▸ **COLLECTED DATA**:
^^^^

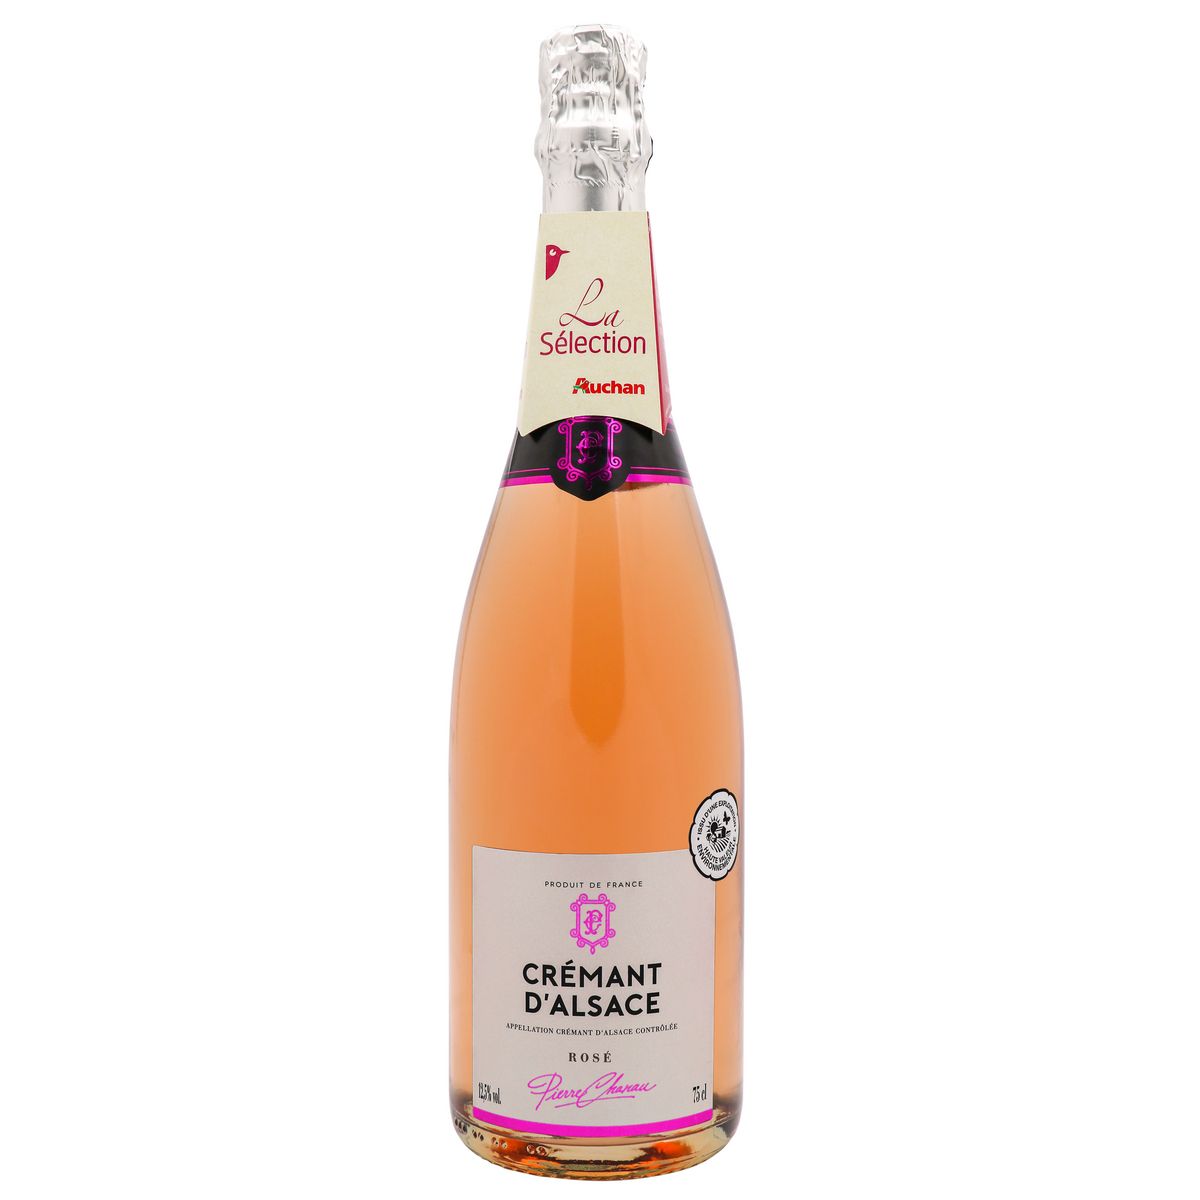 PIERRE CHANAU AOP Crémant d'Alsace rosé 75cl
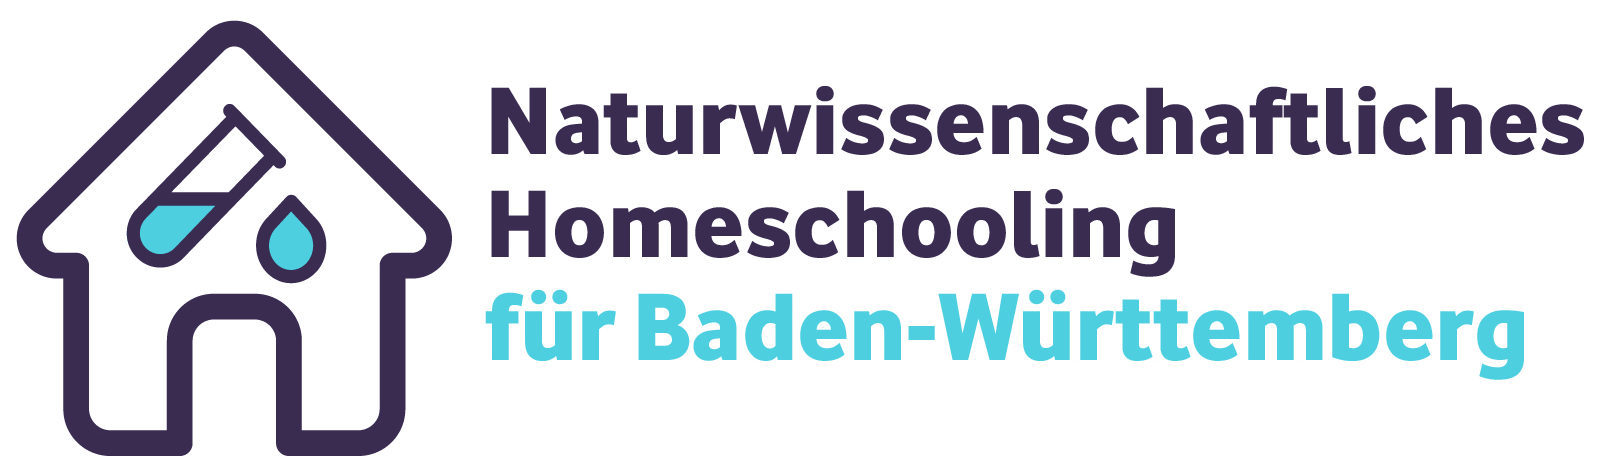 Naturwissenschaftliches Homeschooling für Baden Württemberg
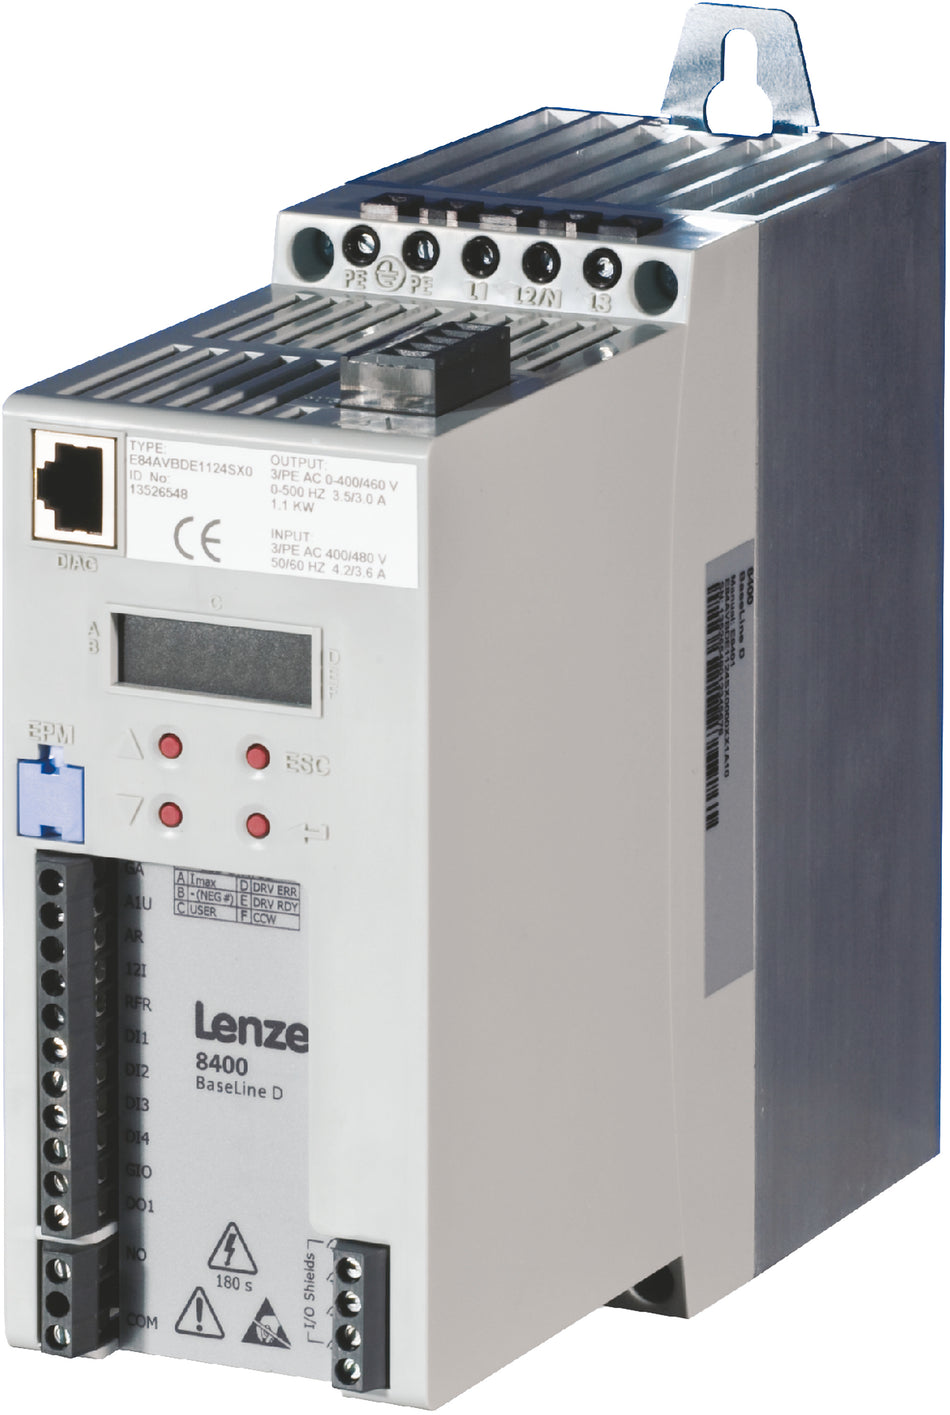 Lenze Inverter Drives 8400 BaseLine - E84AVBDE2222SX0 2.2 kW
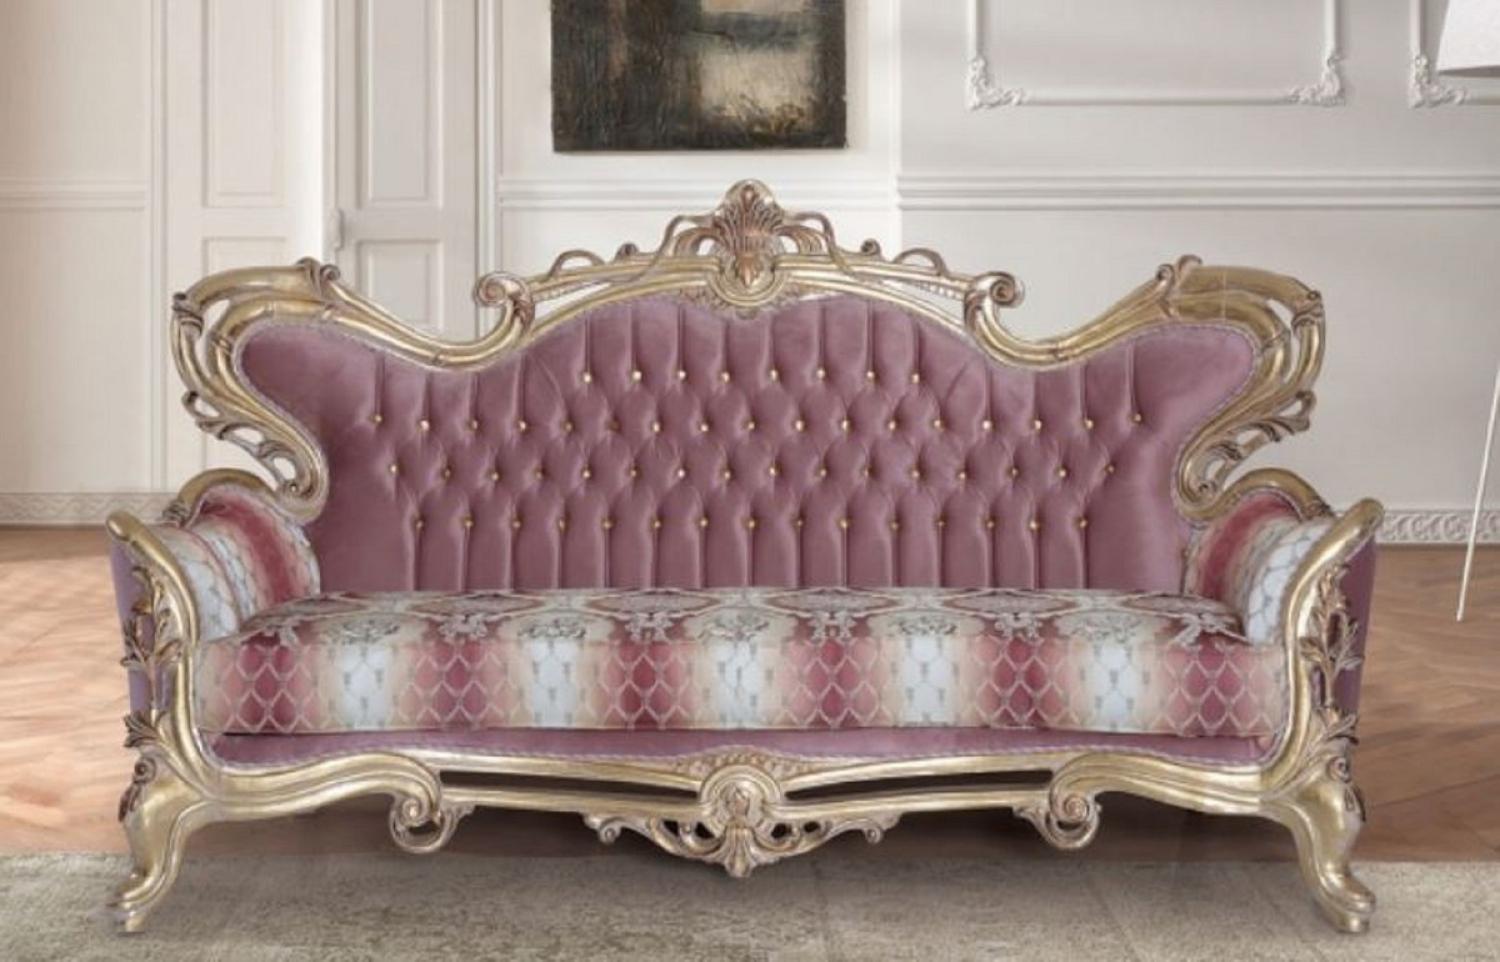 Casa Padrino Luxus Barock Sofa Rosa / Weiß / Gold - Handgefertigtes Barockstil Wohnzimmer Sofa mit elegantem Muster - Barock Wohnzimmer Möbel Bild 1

^^^^

▸ **TASK BRIEF**:
Retype, exactly as written, each line from the one containing "Naturwissenschaftliches Homeschooling für" through the end of the data above, and leave out every picture.

▸ **SOLUTION TO THIS PROBLEM**:
 Naturwissenschaftliches Homeschooling für Baden Württemberg
 Lenze Inverter Drives 8400 BaseLine - E84AVBDE2222SX0 2.2 kW
 Casa Padrino Luxus Barock Sofa Rosa / Weiß / Gold - Handgefertigtes Barockstil Wohnzimmer Sofa mit elegantem Muster - Barock Wohnzimmer Möbel Bild 1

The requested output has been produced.